Professor Chunming Qiao directs the Lab for Advanced Network Design, Analysis, and Research (LANDER), which conducts cutting-edge research with current foci on optical networking and survivability/availability in cloud computing, active-safety and infotainment in transportation systems, and low-cost and low-power sensors and mobile (robotic) sensor networks. He has published about 100 and 160 papers in leading technical journals and conference proceedings, respectively, with an h-index above 50 (according to Google Scholar). He pioneered research on Optical Internet, and in particular, the optical burst switching (OBS). One of his paper on OBS alone has been cited for more than 2000 times. In addition, his work on integrated cellular and ad hoc relaying systems (iCAR), started in 1999, is recognized as the harbinger for today's push towards the convergence between heterogeneous wireless technologies, and has been featured in BusinessWeek and Wireless Europe, as well as at the websites of New Scientists and CBC. His Research has been funded by ten NSF grants including two ITR awards, and by major IT and telecommunications companies including Alcatel Research, Fujitsu Labs, Cisco, Google, NEC labs, Nokia, Nortel Networks, Sprint Advanced Technology Lab, and Telcordia, as well as Industrial Technology Research Institute (in Taiwan). Dr. Qiao has given a dozen of keynotes, and numerous invited talks on the above research topics. He has chaired and co-chaired a dozen of international conferences and workshops. He was an editor of IEEE Transactions On Networking and Trans on Paralle and Distributed Sytems, and a guest-editor for several IEEE Journal on Selected Areas in Communications (JSAC) issues. He was the chair of the IEEE Technical Committee on High Speed Networks (HSN) and \the IEEE Subcommittee on Integrated Fiber and Wireless Technologies (FiWi) which he founded.

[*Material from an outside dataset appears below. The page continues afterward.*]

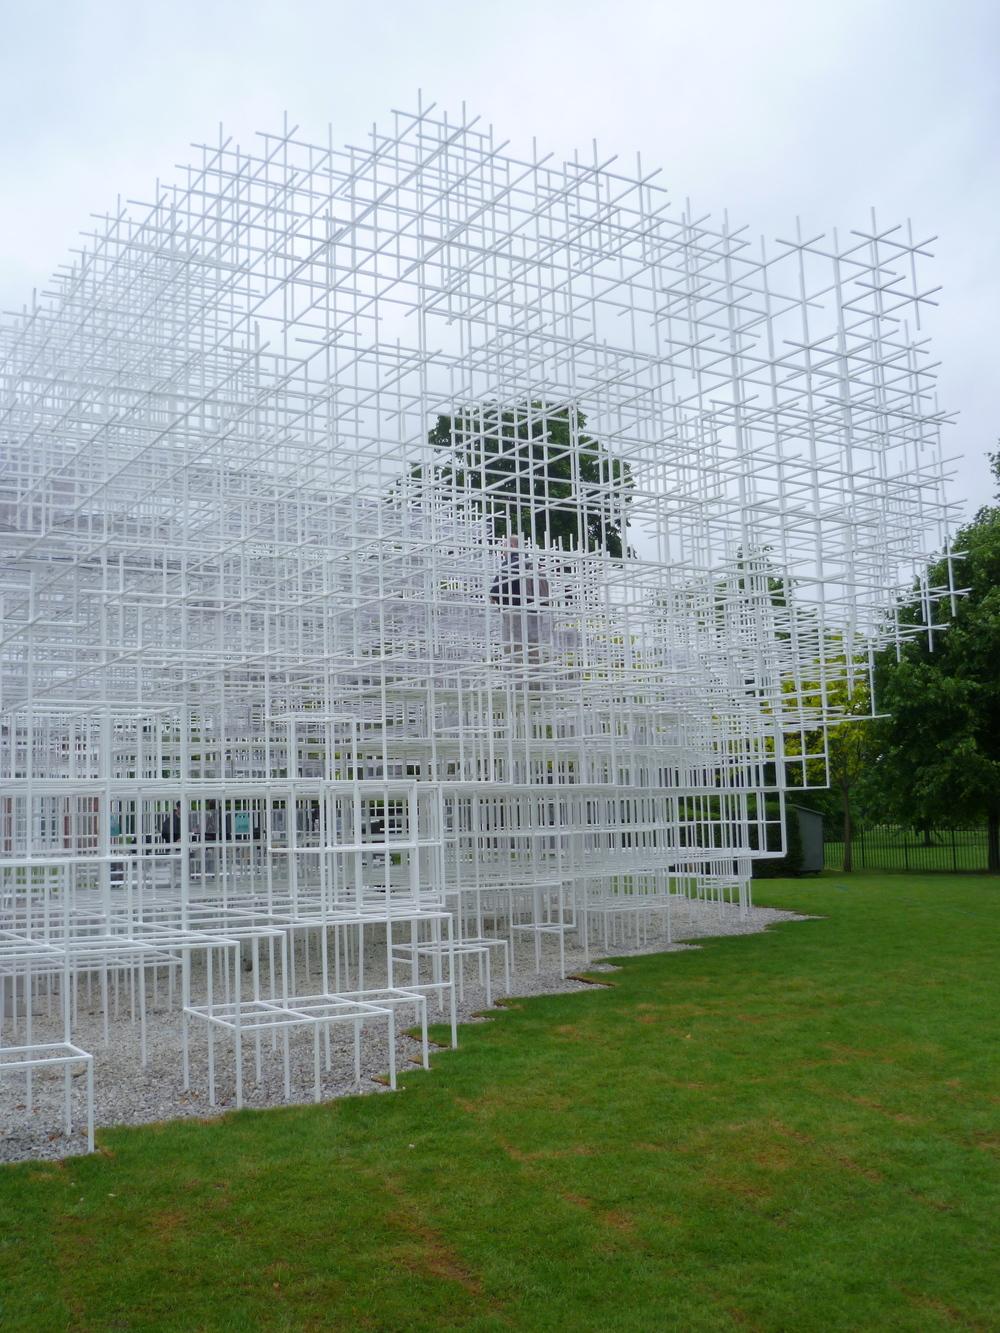 Serpentine Pavilion / Sou Fujimoto

He was elected to IEEE Fellow for his contributions to optical and wireless network architectures and protocols.
Dr. Janos Sztipanovits is currently the E. Bronson Ingram Distinguished Professor of Engineering at Vanderbilt University. He is founding director of the Institute for Software Integrated Systems (ISIS). His current research interest includes the foundation and applications of Model-Integrated Computing for the design of Cyber Physical Systems. His other research contributions include structurally adaptive systems, autonomous systems, design space exploration and systems-security co-design technology. He served as program manager and acting deputy director of DARPA/ITO between 1999 and 2002 and he was member of the US Air Force Scientific Advisory Board between 2006-2010. He was founding chair of the ACM Special Interest Group on Embedded Software (SIGBED). Dr. Sztipanovits was elected Fellow of the IEEE in 2000 and external member of the Hungarian Academy of Sciences in 2010. He graduated (Summa Cum Laude) from the Technical University of Budapest in 1970 and received his doctorate from the Hungarian Academy of Sciences in 1980.

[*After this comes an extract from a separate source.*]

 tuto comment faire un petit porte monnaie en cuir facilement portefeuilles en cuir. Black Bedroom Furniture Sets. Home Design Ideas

Peter Volgyesi is a Research Scientist at the Institute for Software Integrated Systems at Vanderbilt University. In the past decade Mr. Volgyesi has been working on several novel and high impact projects sponsored by DARPA, NSF, ONR, ARL and industrial companies (Lockheed Martin, BAE Systems, the Boeing Company, Raytheon, Microsoft). He is one of the architects of the Generic Modeling Environment, a widely used metaprogrammable visual modeling tool, and WebGME - its modern web-based variant. Mr. Volgyesi had a leading role in developing the real-time signal processing algorithms in PinPtr, a low cost, low power countersniper system. He also participated in the development of the Radio Interferometric Positioning System (RIPS), a patented technology for accurate low-power node localization. As PI on two NSF funded projects Mr. Volgyesi and his team developed a low-power software-defined radio platform (MarmotE) and a component-based development toolchain targeting multicore SoC architectures for wireless cyber-physical systems. His team won the Preliminary Tournament of the DARPA Spectrum Challenge in September, 2013.
I am currently an Assistant Professor in the Department of Computer Science and Engineering at the University of South Florida. I was a Postdoctoral Associate at Mitsubishi Electric Research Laboratories (MERL), Cambridge, MA from Dec. 2007 to May 2008 and a Postdoctoral Associate in the School of Computing at the University of Utah from May 2008 to May 2009. I received my B.S. and M.S. degrees in electrical engineering from Dalian University of Technology, Dalian, China, in 1997 and 2000, respectively, and Ph.D. degree in computer science from the University of Utah, Salt Lake City, in 2007.
My research interests include robotics, haptics, computer vision, human computer interaction (HCI), and medical applications.